Hi, Lizzieb! Welcome!

Is it in Basque? I think "ostatua" means "pensión", in Spanish... "inn" in English? And I think "Arrigorri" is a small mountain in the Basque Country (probably near the hotel), but I don't know if it has a semantic meaning. 

Let's wait for a Basque speaker.


----------



## jazyk

Arrigorri is the name of a beach in Ondarro, and ostatu is indeed a hotel/an inn.

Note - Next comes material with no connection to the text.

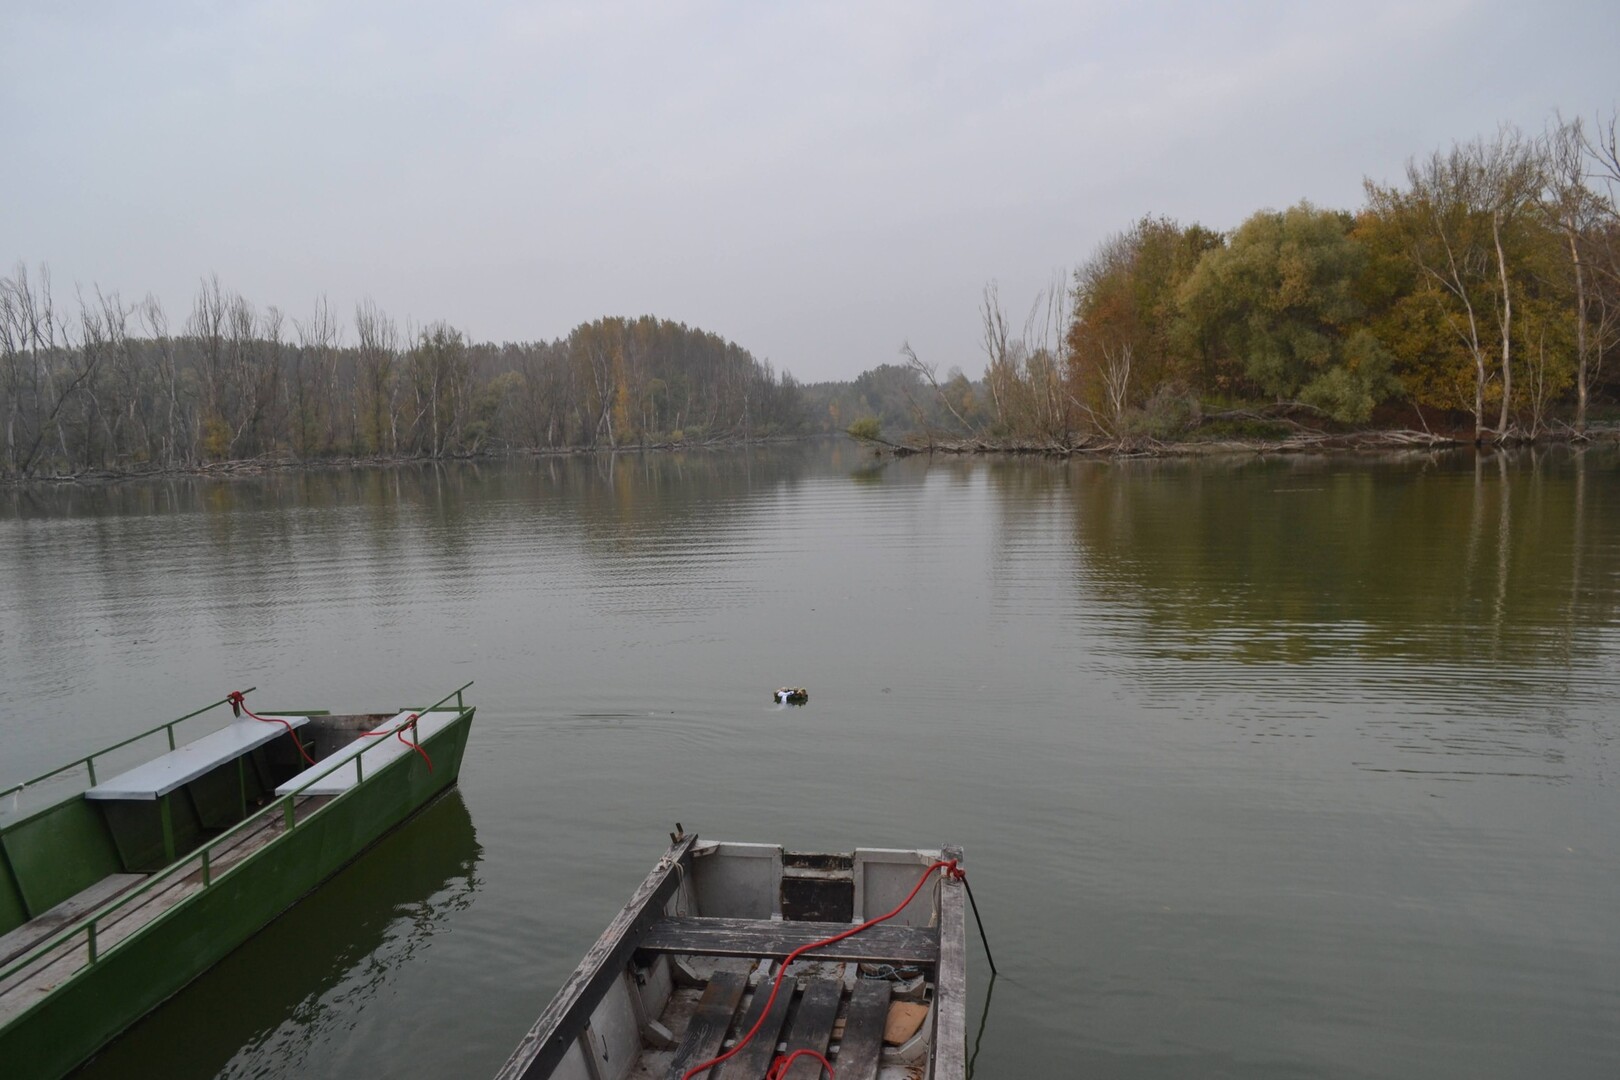 Lesz-e valaha közös Szigetköz–Csallóköz Nemzeti Parkunk a Duna mentén? 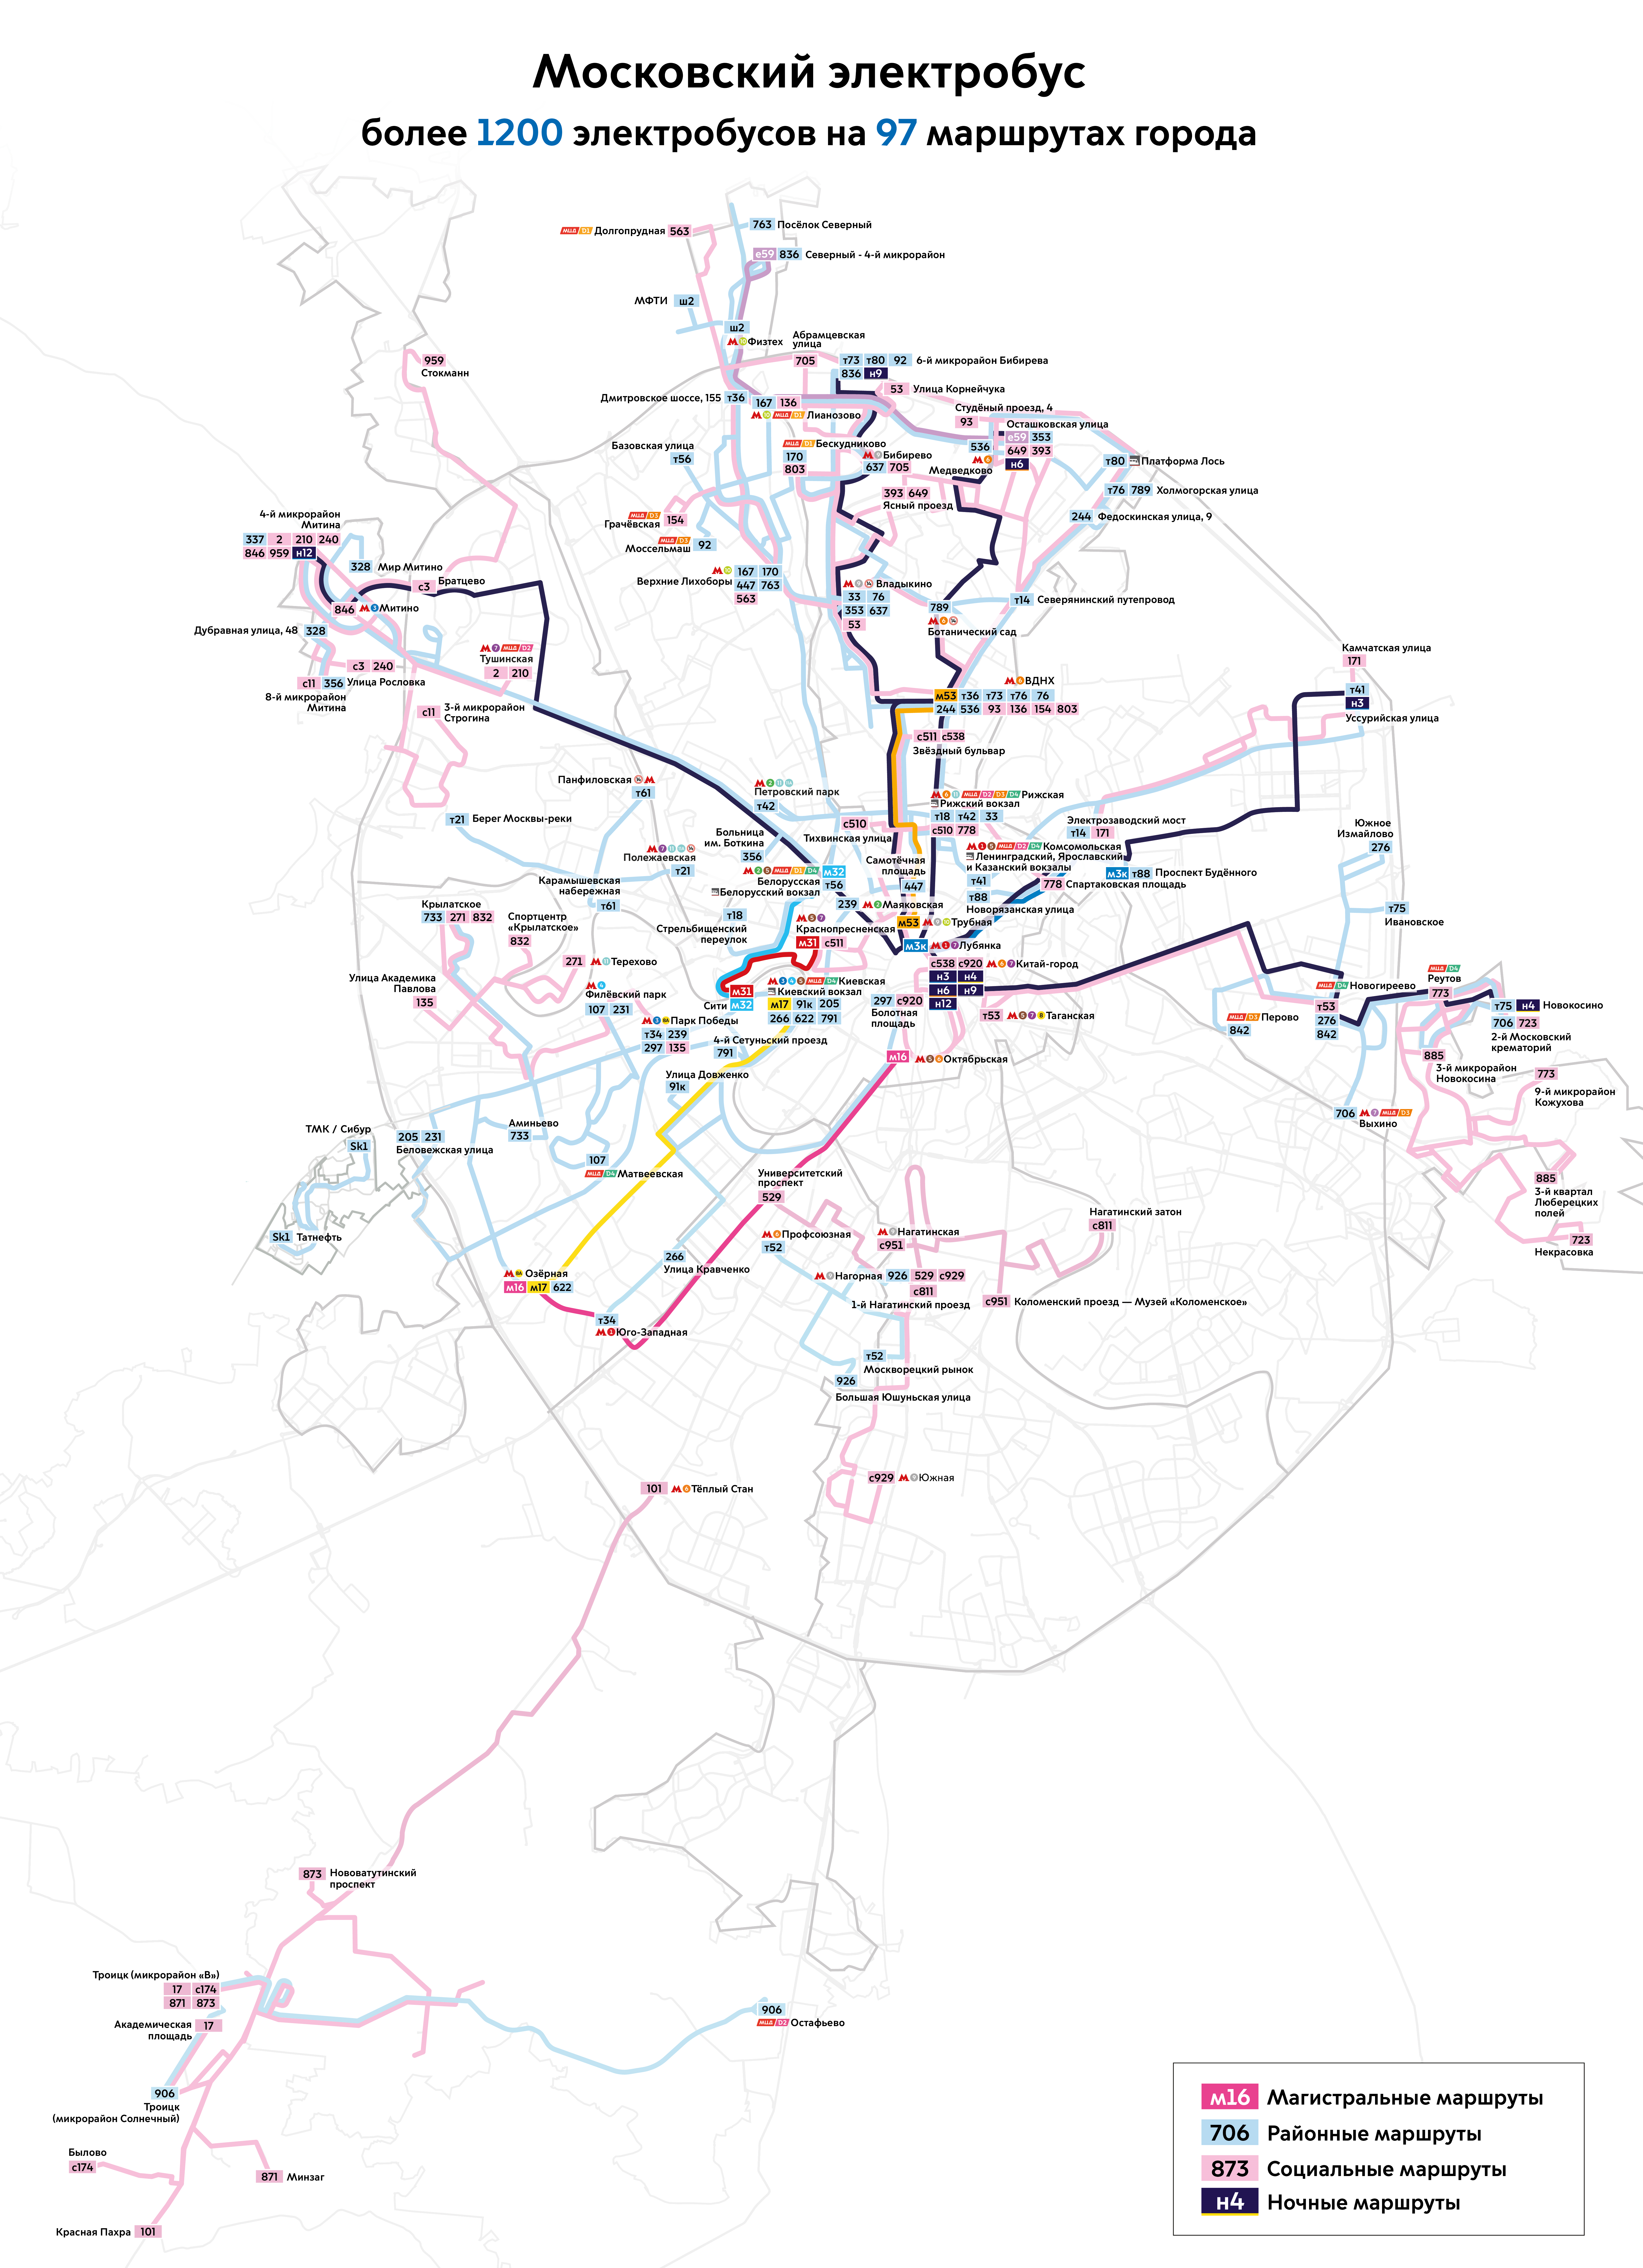 Maskava — Citywide Maps; Maskava — Maps of Autonomous Electric Bus Lines

Gorri means red in Basque, but I don't think Arrigorri means anything (at least nothing evident).


----------



## AkErBeLtZ

Kaixo, I'm a basque boy from Bizkaia.
Literally, Arrigorri means "red stone" (arri=stone, gorri=red).


----------



## jazyk

But isn't harri stone?


----------



## AkErBeLtZ

jazyk said:
			
		

> But isn't harri stone?


 
Yes, in modern basque stone is "harri". But some names drop that "h", for example the name of the town "Arrigorriaga" or the surname "Arrizabalaga". The root is always the same, arri/harri, stone.


----------



## mansio

Should not the adjective stand before the noun in Basque? Stone-red should be red-stone.


----------



## AkErBeLtZ

mansio said:
			
		

> Should not the adjective stand before the noun in Basque? Stone-red should be red-stone.


 
No. In Basque, the adjectives stand after the noun. But the same happens in Spanish, sometimes. You can't say "roja piedra" (red stone); you'd have to say "piedra roja" (stone red)


----------



## mansio

Milesker Akerbeltz!


----------



## AkErBeLtZ

ez horregatik! beti laguntzeko prest


----------